# Alternator Voltage?



## snowwy66 (Nov 5, 2017)

That's how it works.

We all read the same.


----------



## BDCCruze (Jul 12, 2017)

Did you charge the battery before installing it?

Make sure the negative ground cable runs though the sensor loop in the front.

Also double check all of the connections around the positive terminal. There have been a few occasions where people have not correctly tightened those post back up.


----------



## 17Hatch6MT (Dec 28, 2015)

To improve fuel economy, the computer runs the alternator during times of engine braking & avoids running it at other times. Wonder if this is what you're seeing?


----------



## revjpeterson (Oct 2, 2013)

6adz00ks said:


> I think I have a bad alternator on the dash it reads 15 volts and sometimes as low as 12.2 with a new battery. Wondering what other peoples voltage reads on the dash?
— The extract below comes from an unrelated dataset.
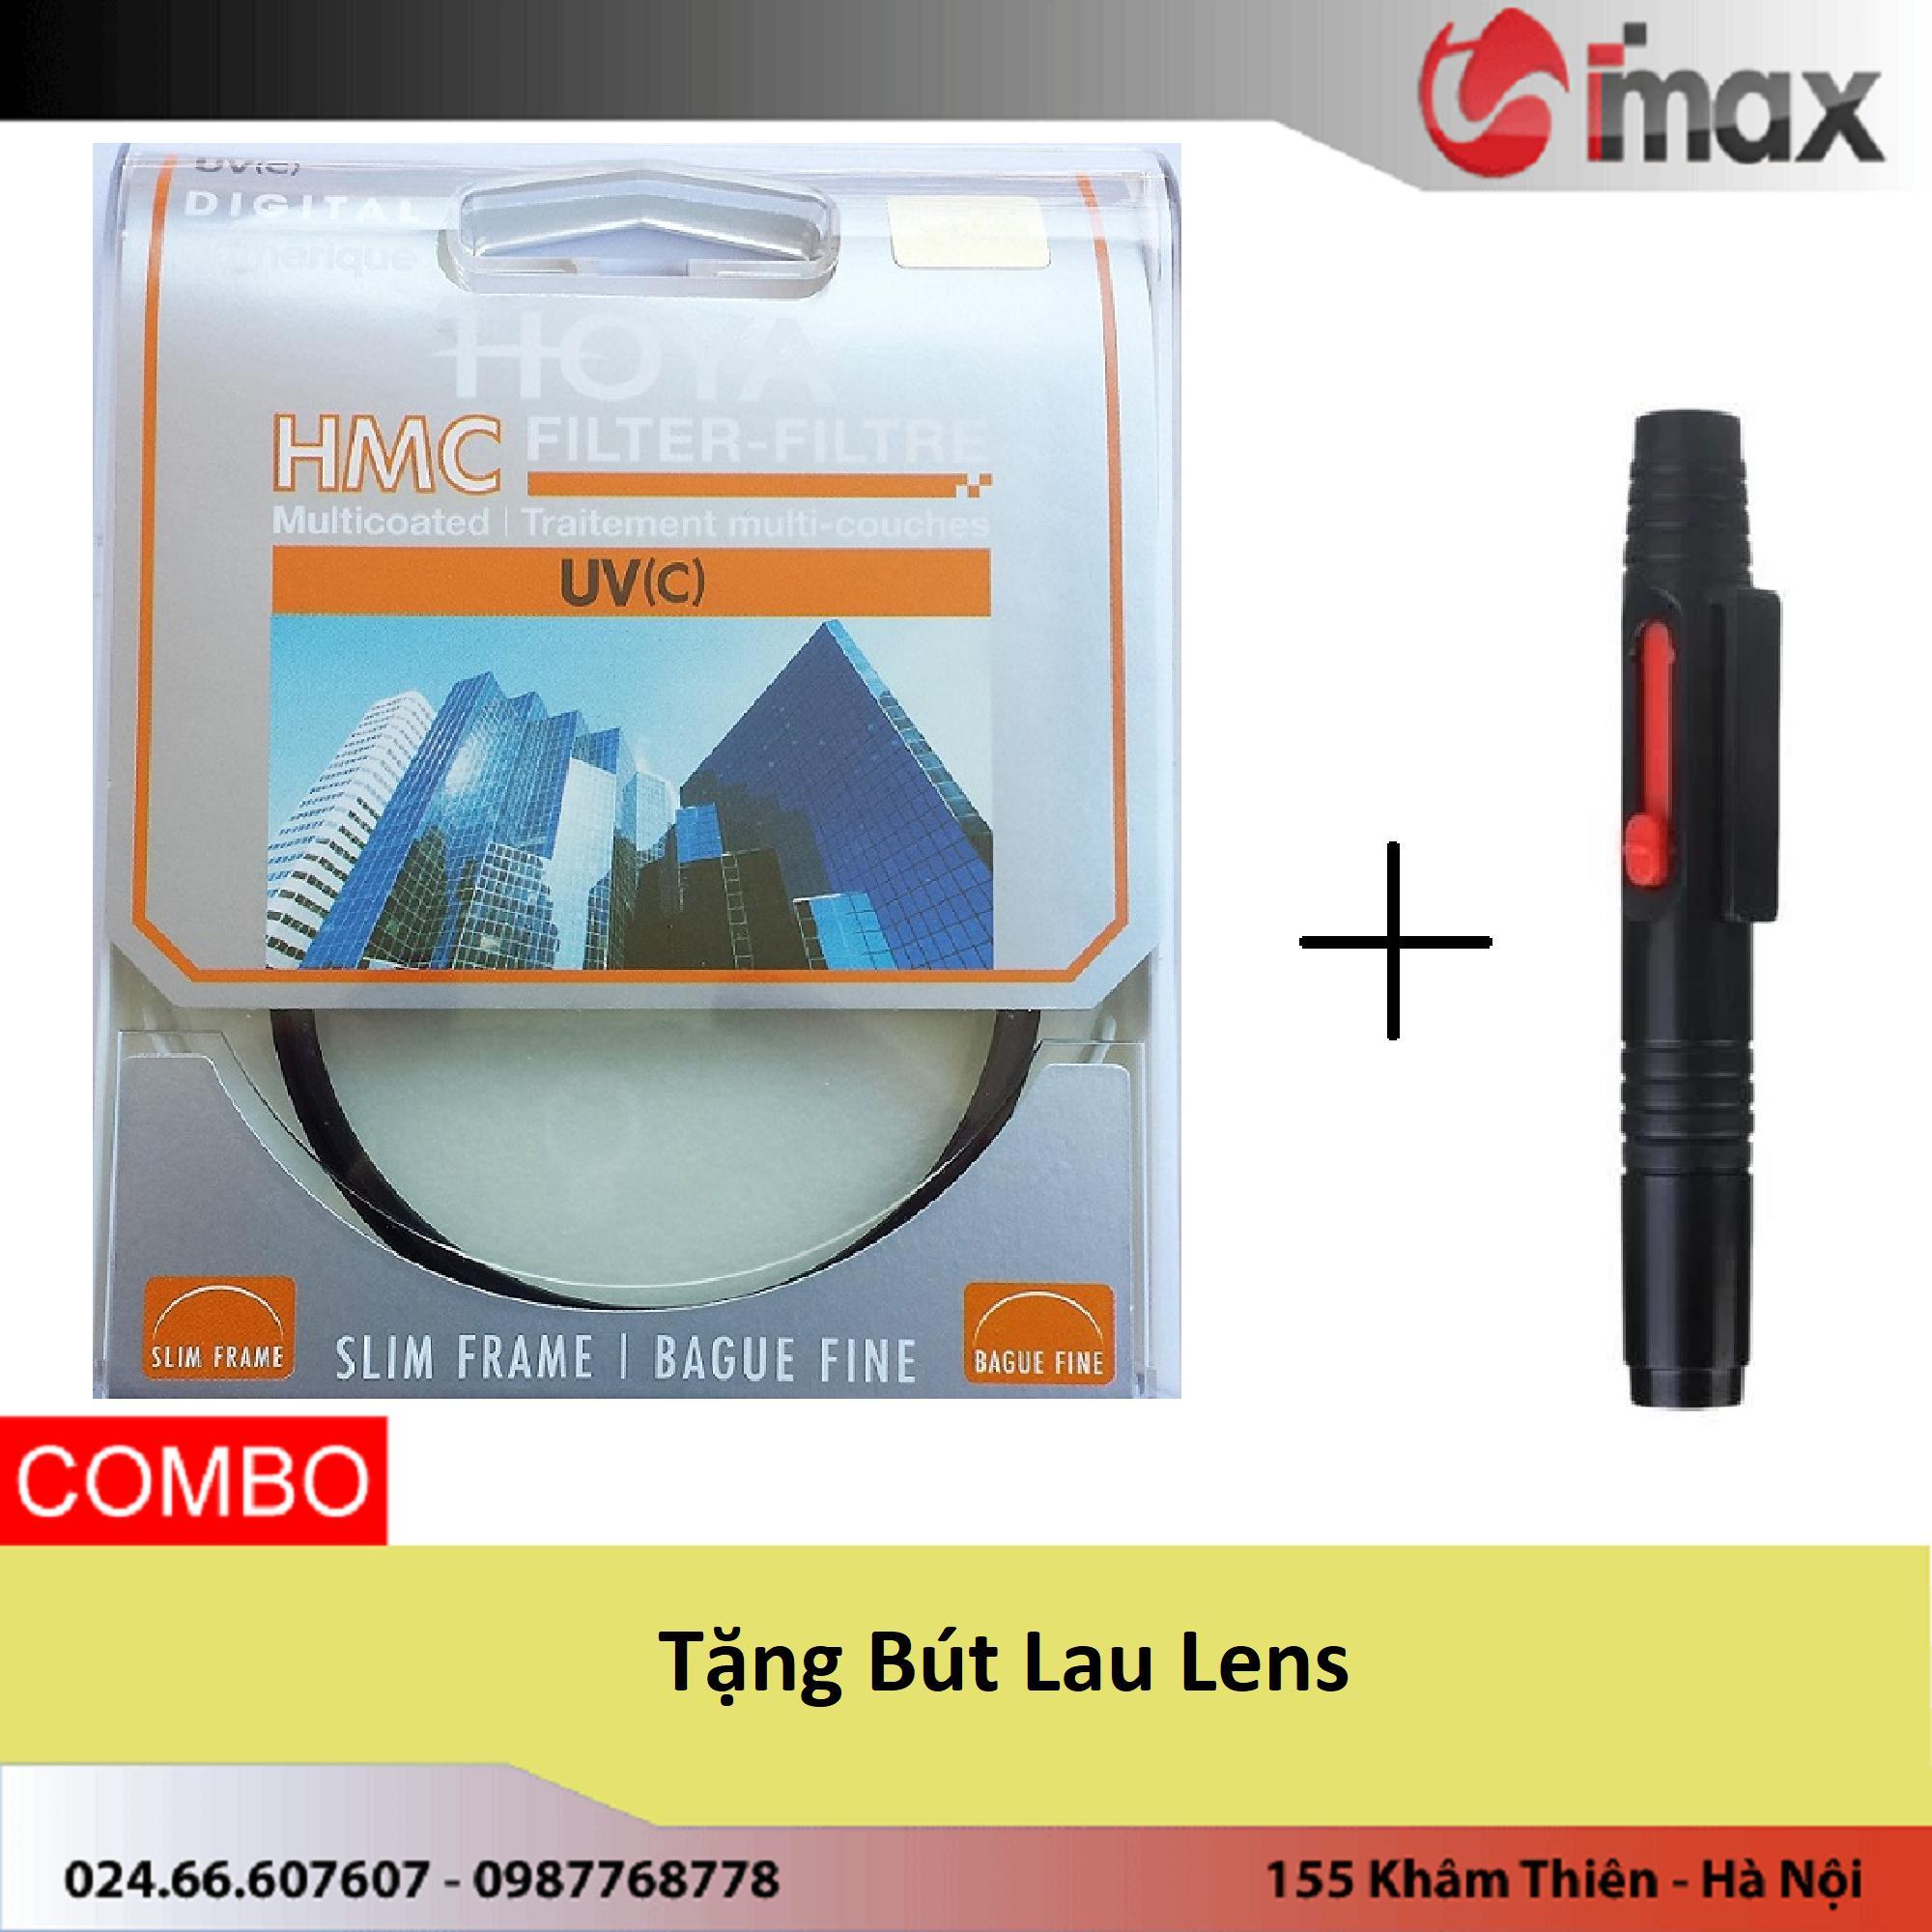 Ôn Tập Trên Kinh Lọc Filter Hoya Hmc Uv 52Mm But Lau Lens
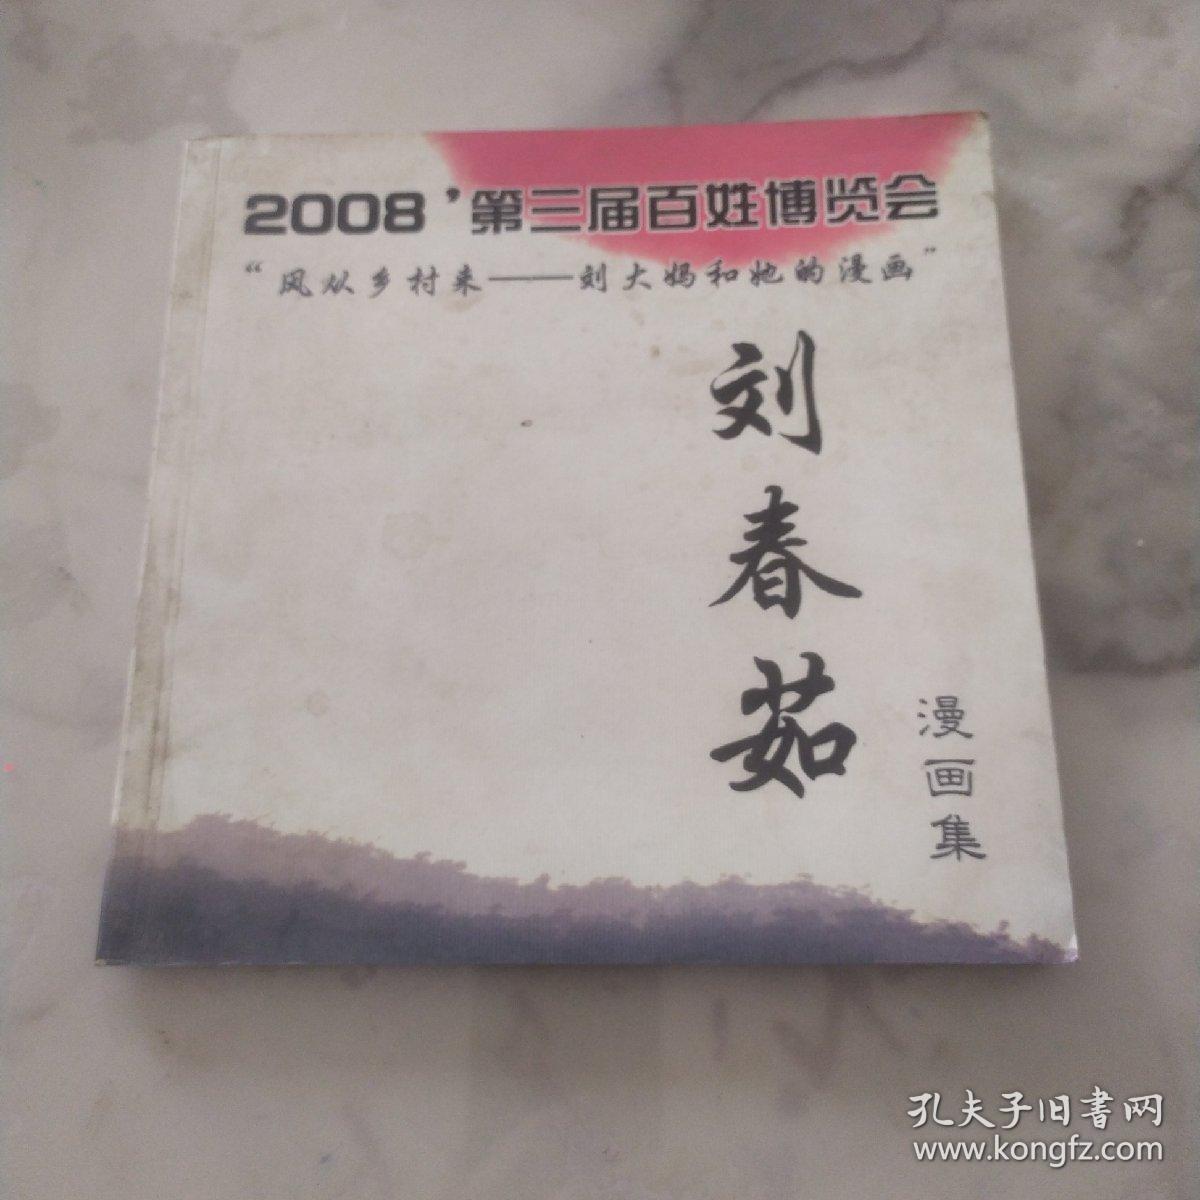 2008第三届百姓博览会《刘春茹漫画集》

That's perfectly normal. The CTD has a variable output alternator, which varies the voltage to maximize fuel economy. Mine has run as low as 12, or as high as 17.2 under the most extreme conditions (cold engine, low ambient temp, high electrical load) for all 182k miles I have driven it. Unless it consistently runs under 12v, throws a code, etc. just keep driving as normal, because nothing's wrong.


----------